**What the exercise asks:** Retype, exactly as they stand, the lines from the start of the data to the line that contains "WASHINGTON DC USA", both ends included. Leave the pictures out.

** Record excerpts follows **

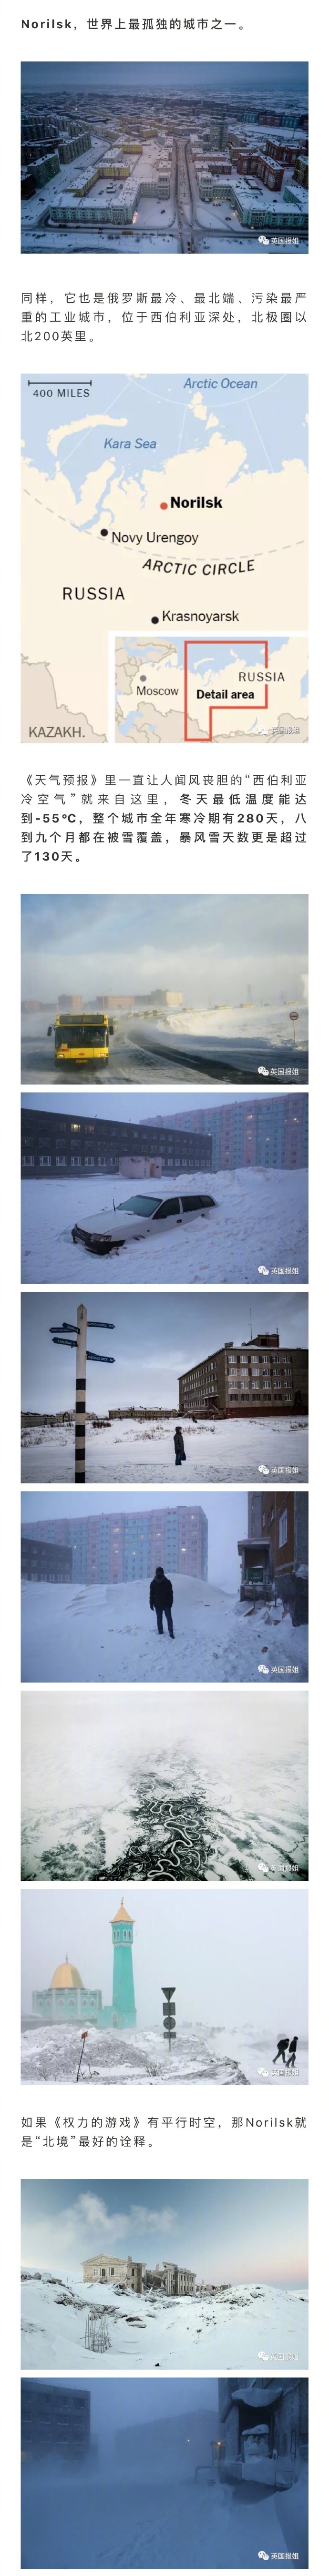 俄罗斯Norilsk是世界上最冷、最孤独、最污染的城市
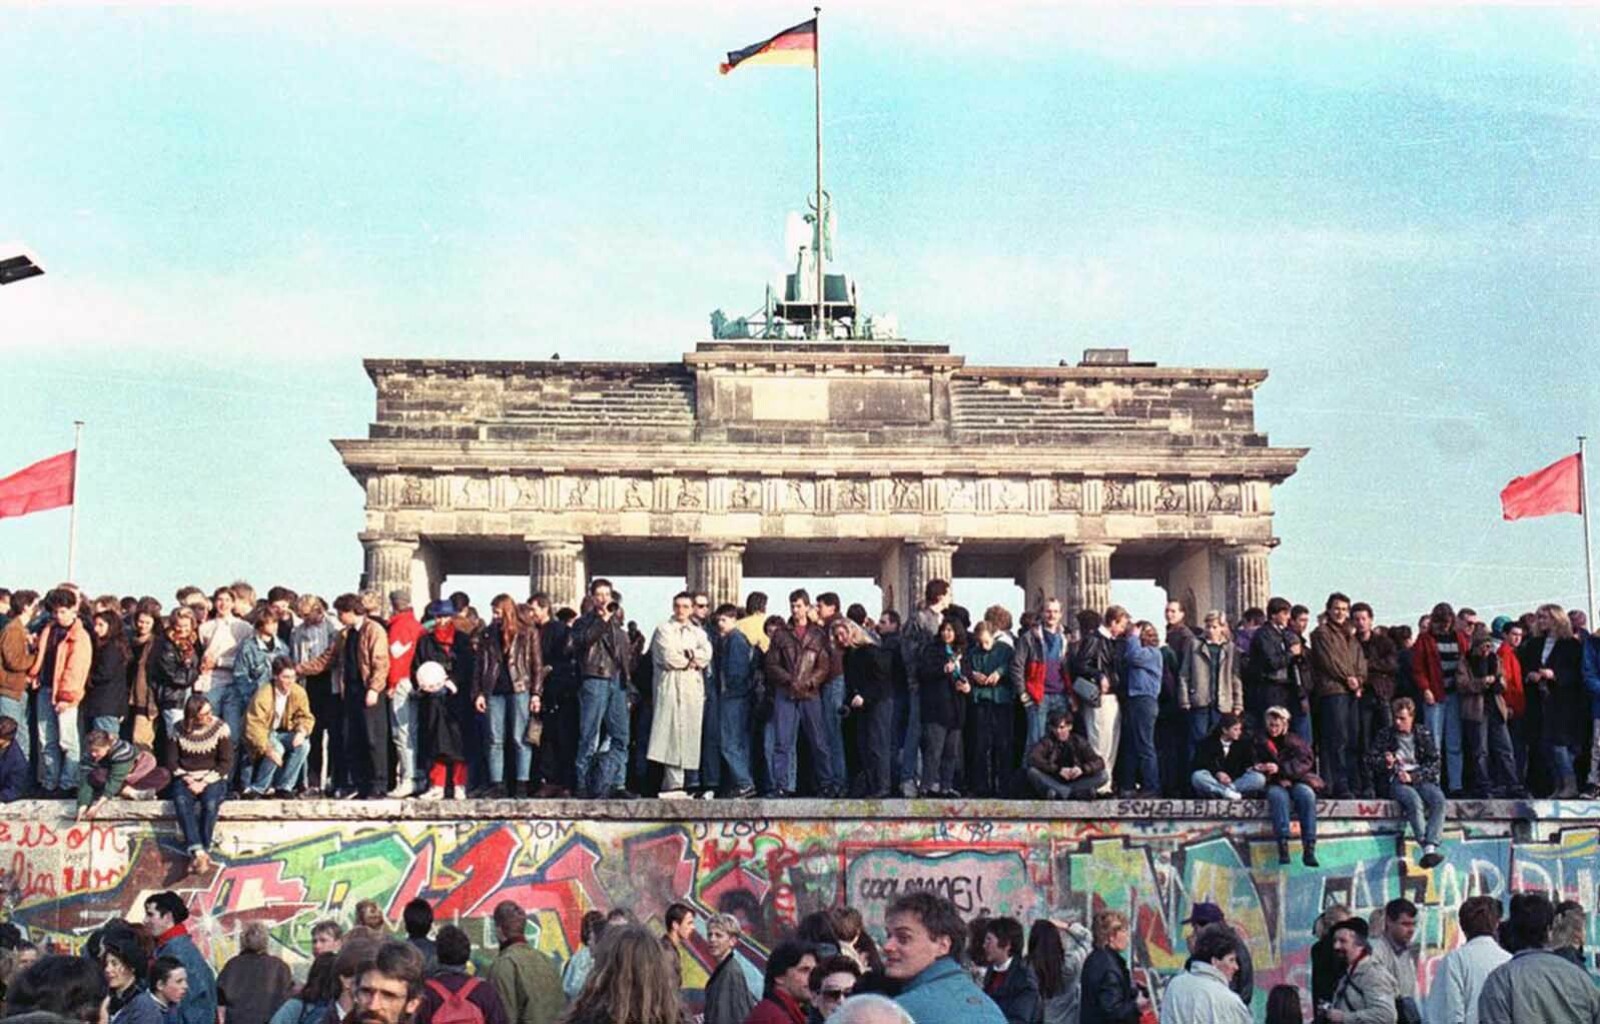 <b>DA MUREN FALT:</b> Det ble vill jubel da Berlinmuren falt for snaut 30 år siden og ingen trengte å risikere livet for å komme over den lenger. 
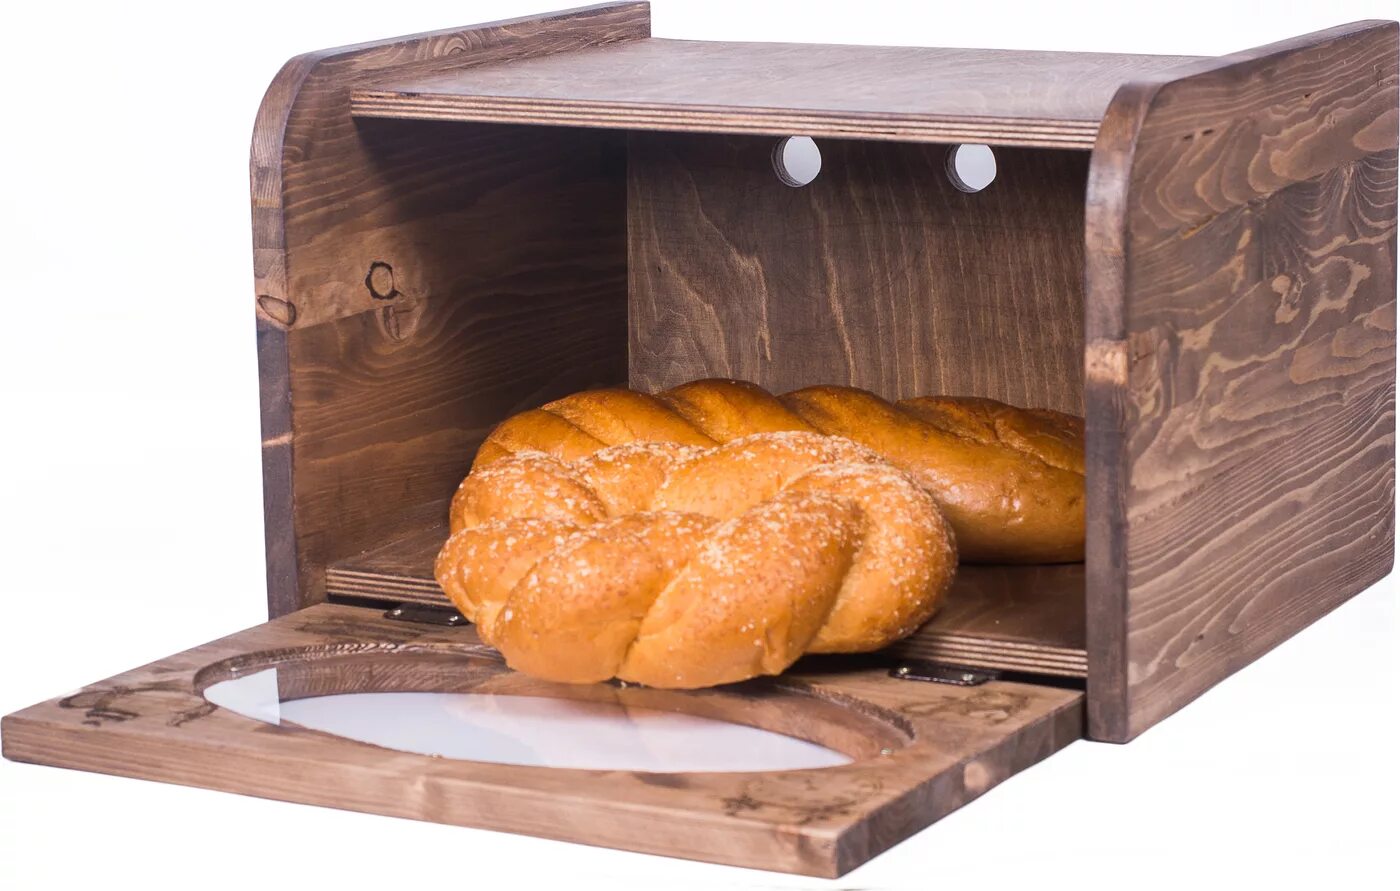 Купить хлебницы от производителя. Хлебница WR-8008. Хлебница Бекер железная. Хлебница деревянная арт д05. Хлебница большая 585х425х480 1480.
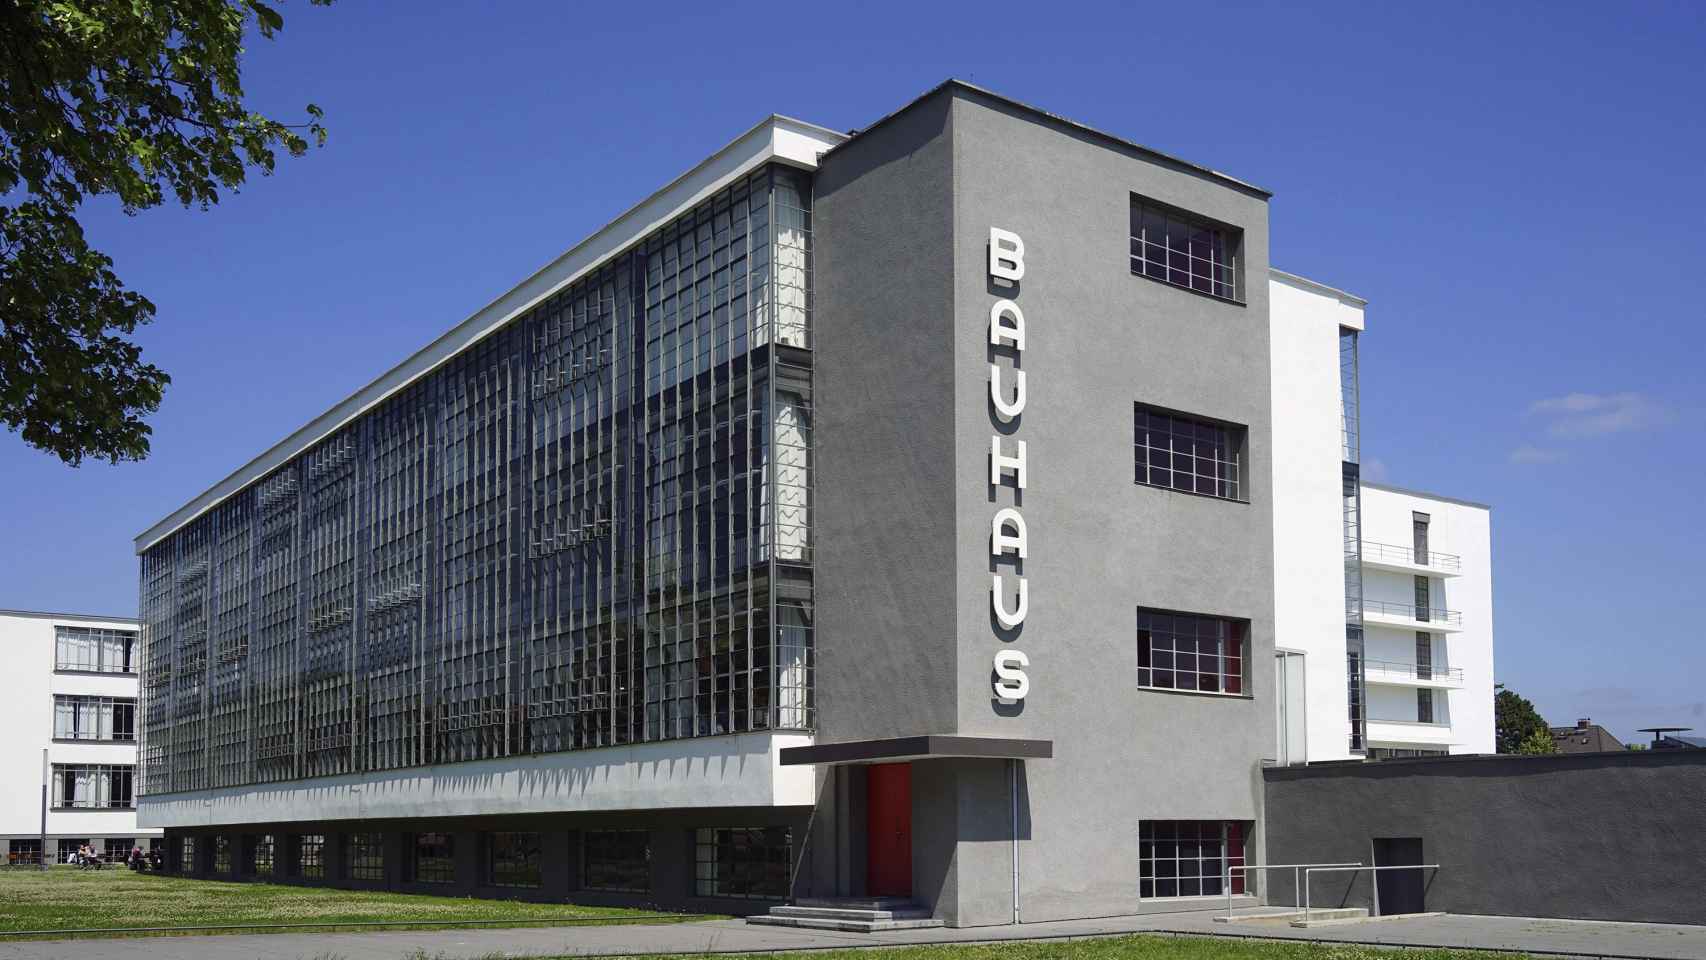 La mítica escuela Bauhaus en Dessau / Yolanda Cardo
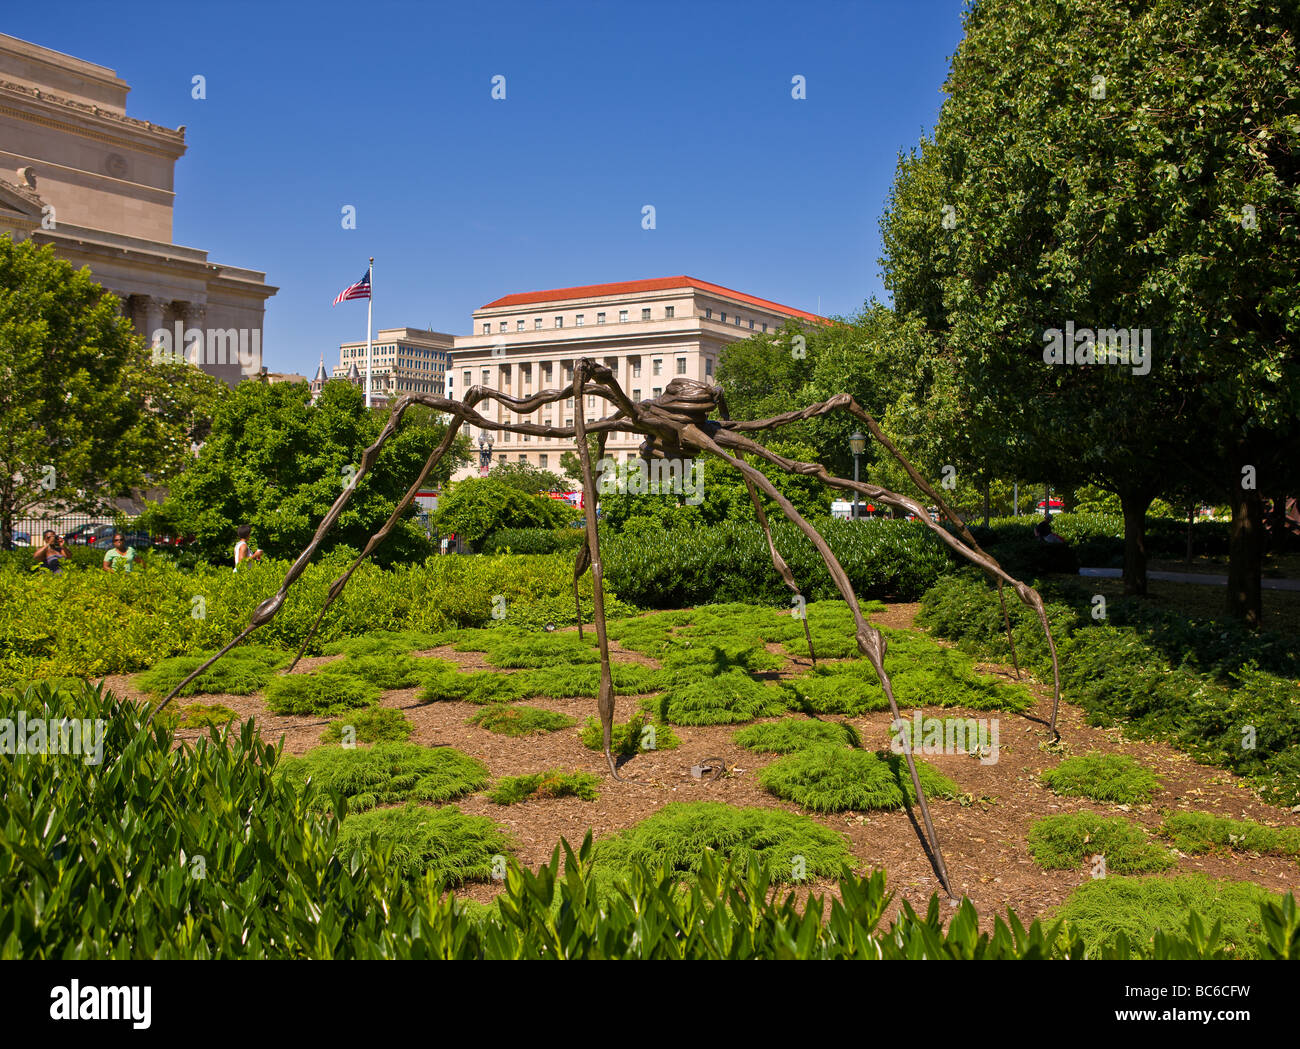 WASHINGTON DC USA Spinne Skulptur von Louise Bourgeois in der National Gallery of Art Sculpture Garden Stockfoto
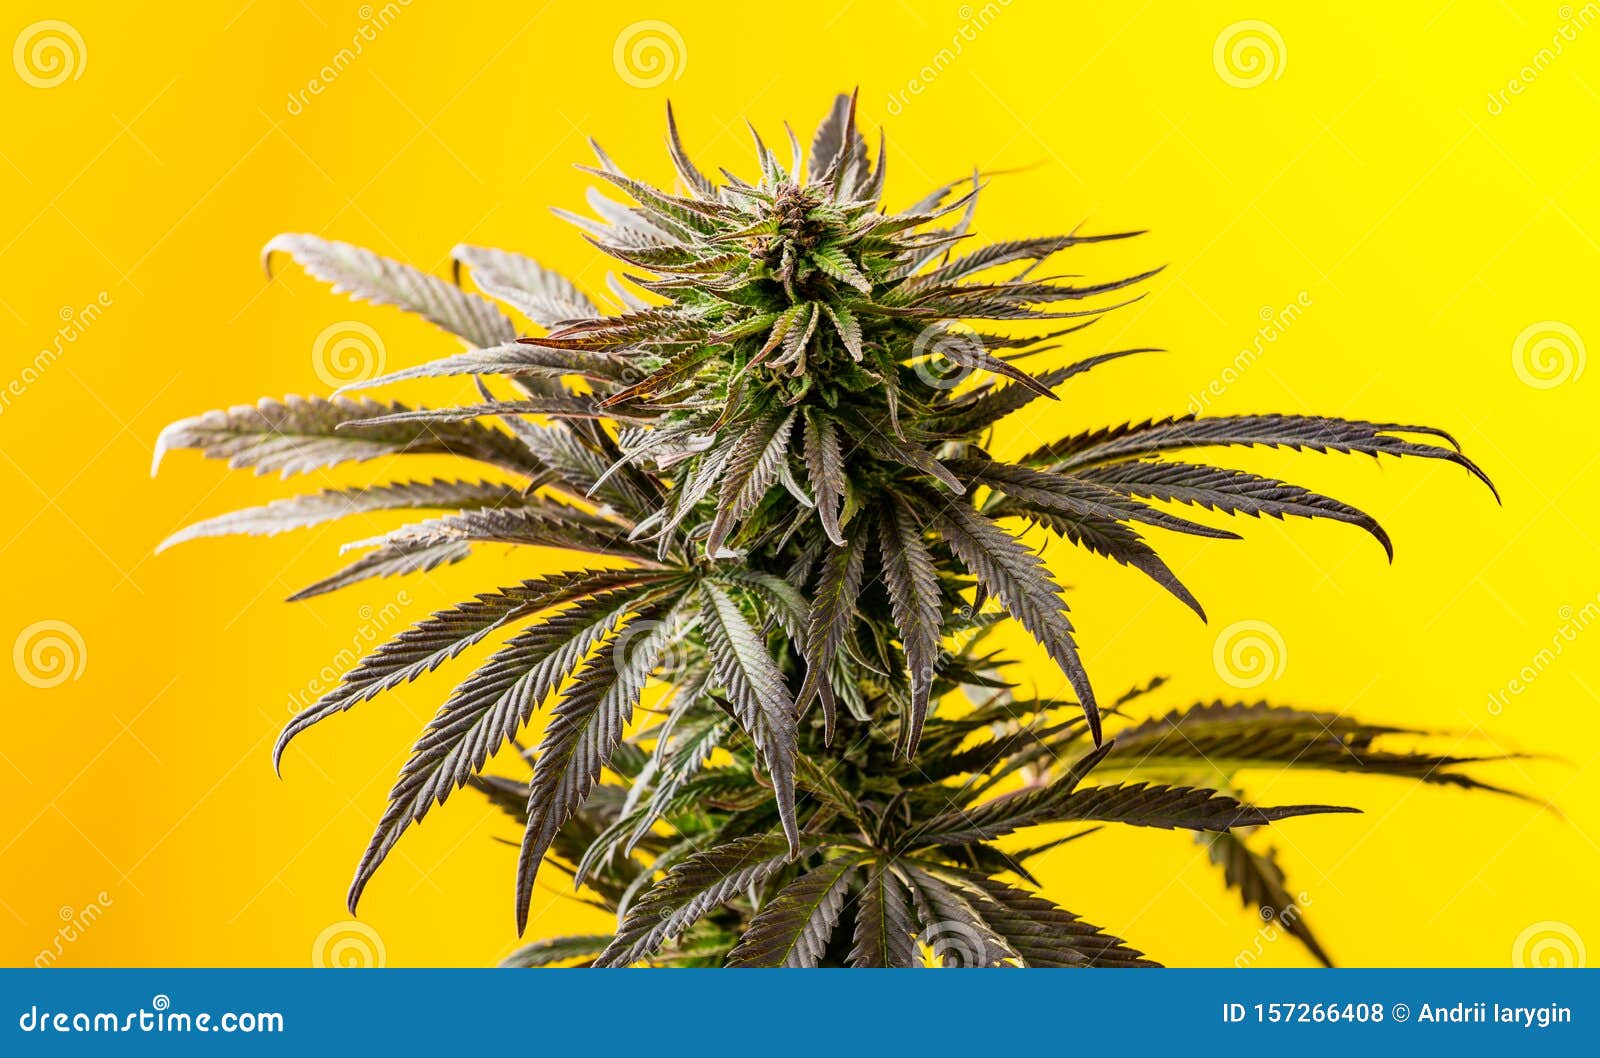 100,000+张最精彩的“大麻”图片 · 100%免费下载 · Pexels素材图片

** End of Record excerpts **

**Answer box:**
 俄罗斯Norilsk是世界上最冷、最孤独、最污染的城市
 <b>DA MUREN FALT:</b> Det ble vill jubel da Berlinmuren falt for snaut 30 år siden og ingen trengte å risikere livet for å komme over den lenger. 
 Купить хлебницы от производителя. Хлебница WR-8008. Хлебница Бекер железная. Хлебница деревянная арт д05. Хлебница большая 585х425х480 1480.
 La mítica escuela Bauhaus en Dessau / Yolanda Cardo
 WASHINGTON DC USA Spinne Skulptur von Louise Bourgeois in der National Gallery of Art Sculpture Garden Stockfoto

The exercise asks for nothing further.